TASK PROMPT:
Images should be omitted while the rest of the data is duplicated exactly.

━━━━━ DATA EXCERPT ━━━━━

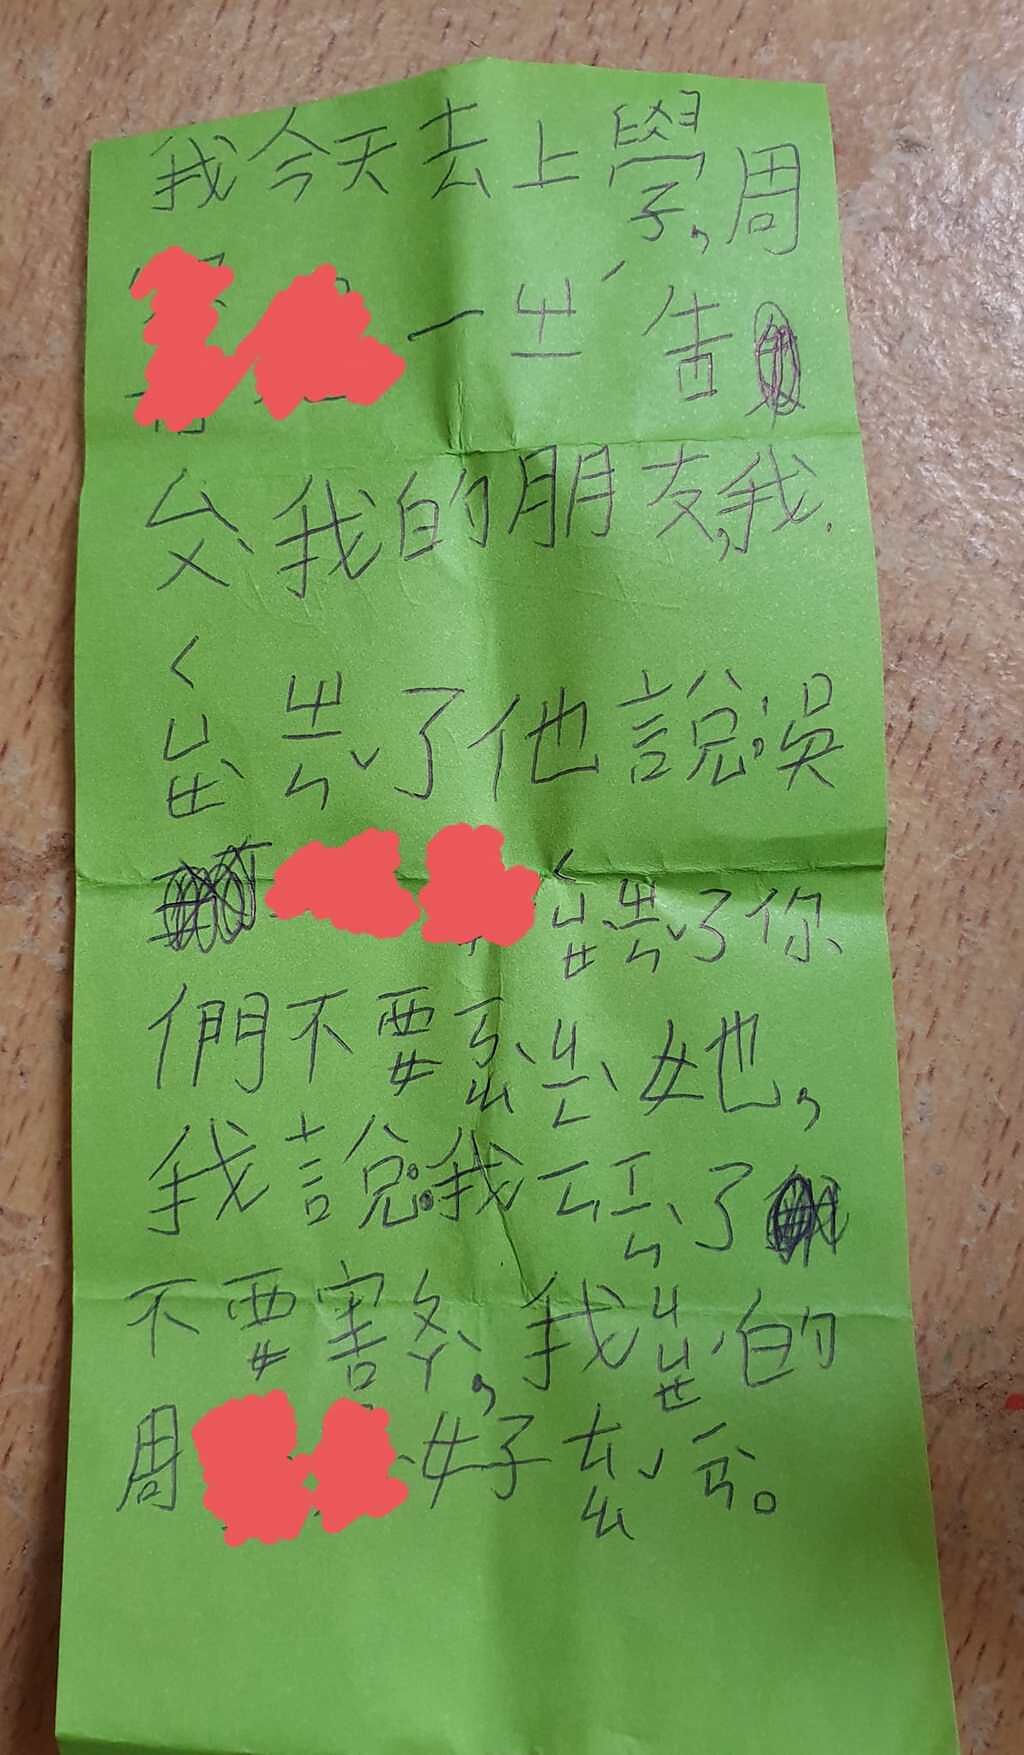 小孩寫字條抱怨同學因為他確診過而排擠他。(翻攝自 爆廢公社)
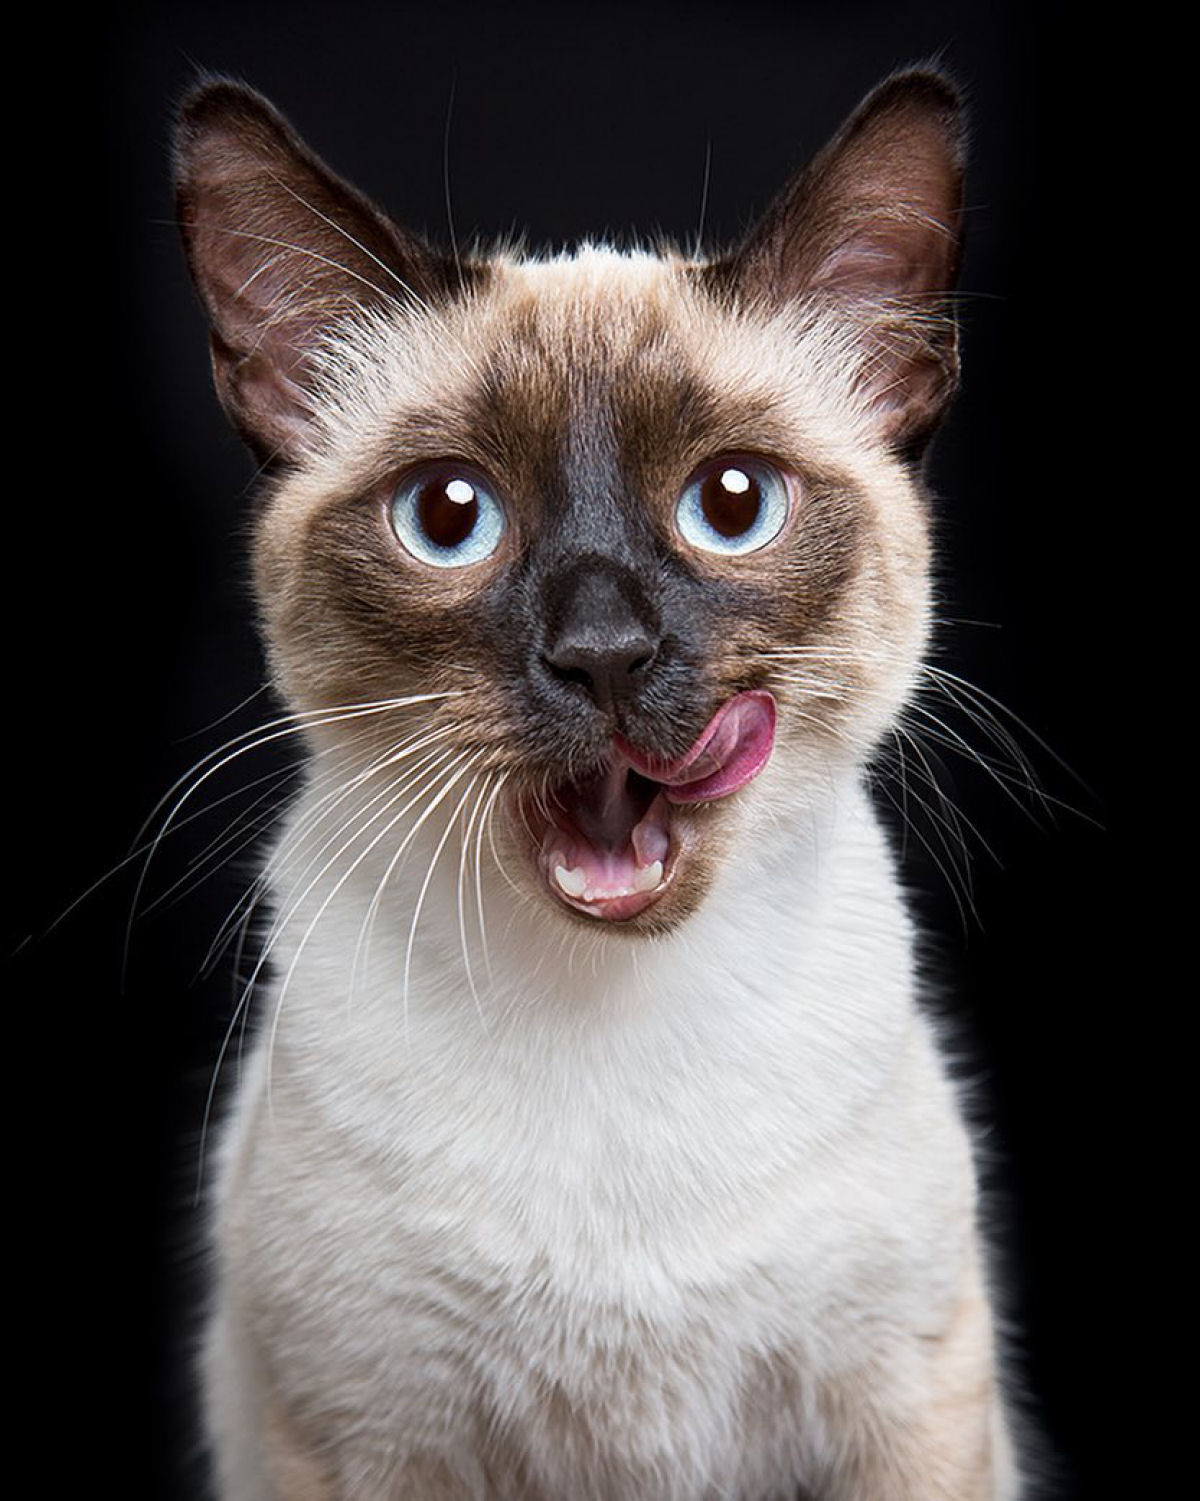 Fotos engraçadas revelam as emoções mal-humoradas e apatetadas de gatos 11
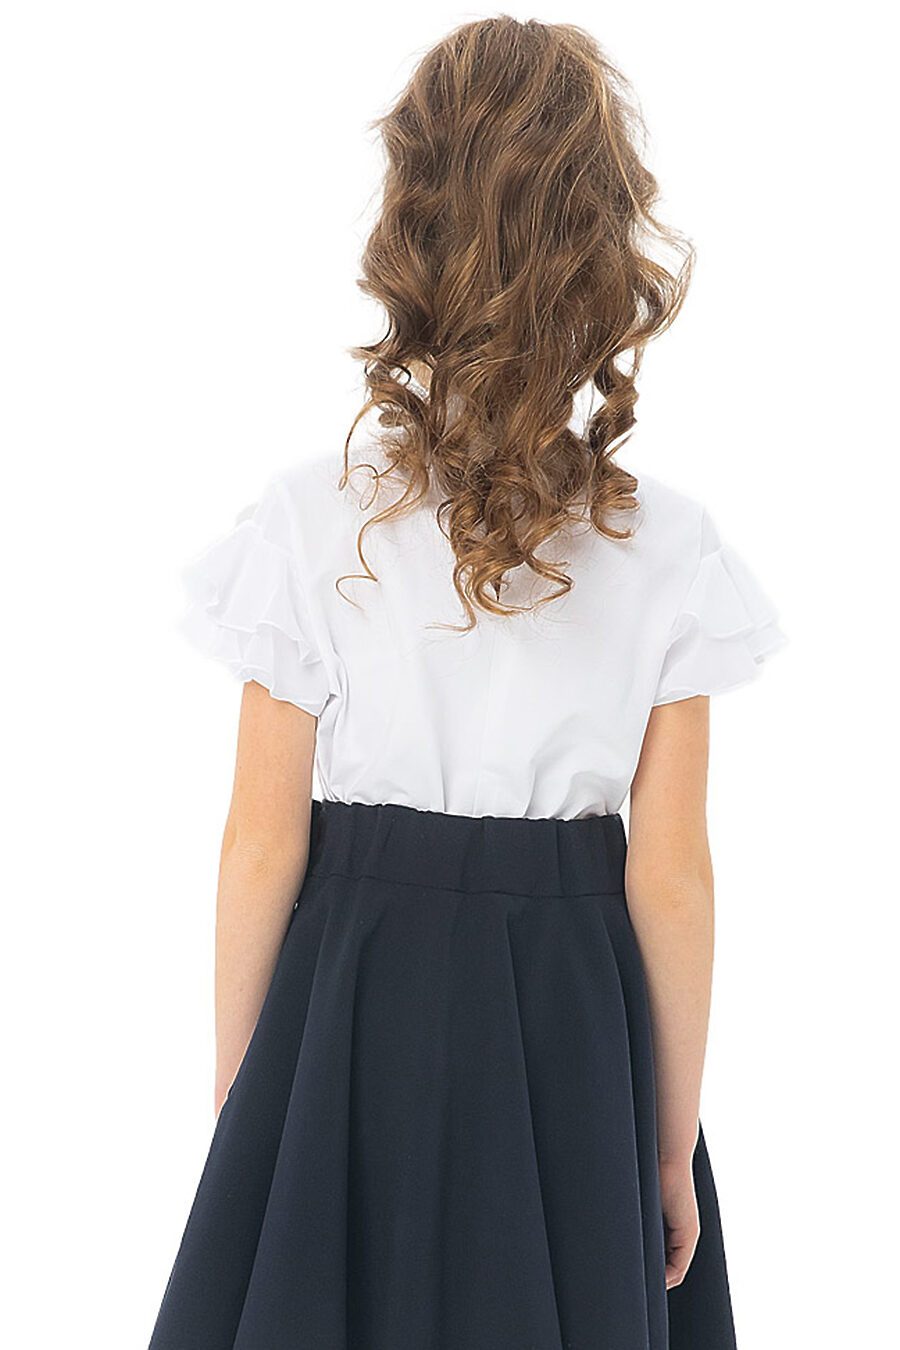 Блуза КАРАМЕЛЛИ (683307), купить в Moyo.moda

━━━━━

THE COMPLETED TASK:
 小孩寫字條抱怨同學因為他確診過而排擠他。(翻攝自 爆廢公社)
 Fotos engraçadas revelam as emoções mal-humoradas e apatetadas de gatos 11
 Блуза КАРАМЕЛЛИ (683307), купить в Moyo.moda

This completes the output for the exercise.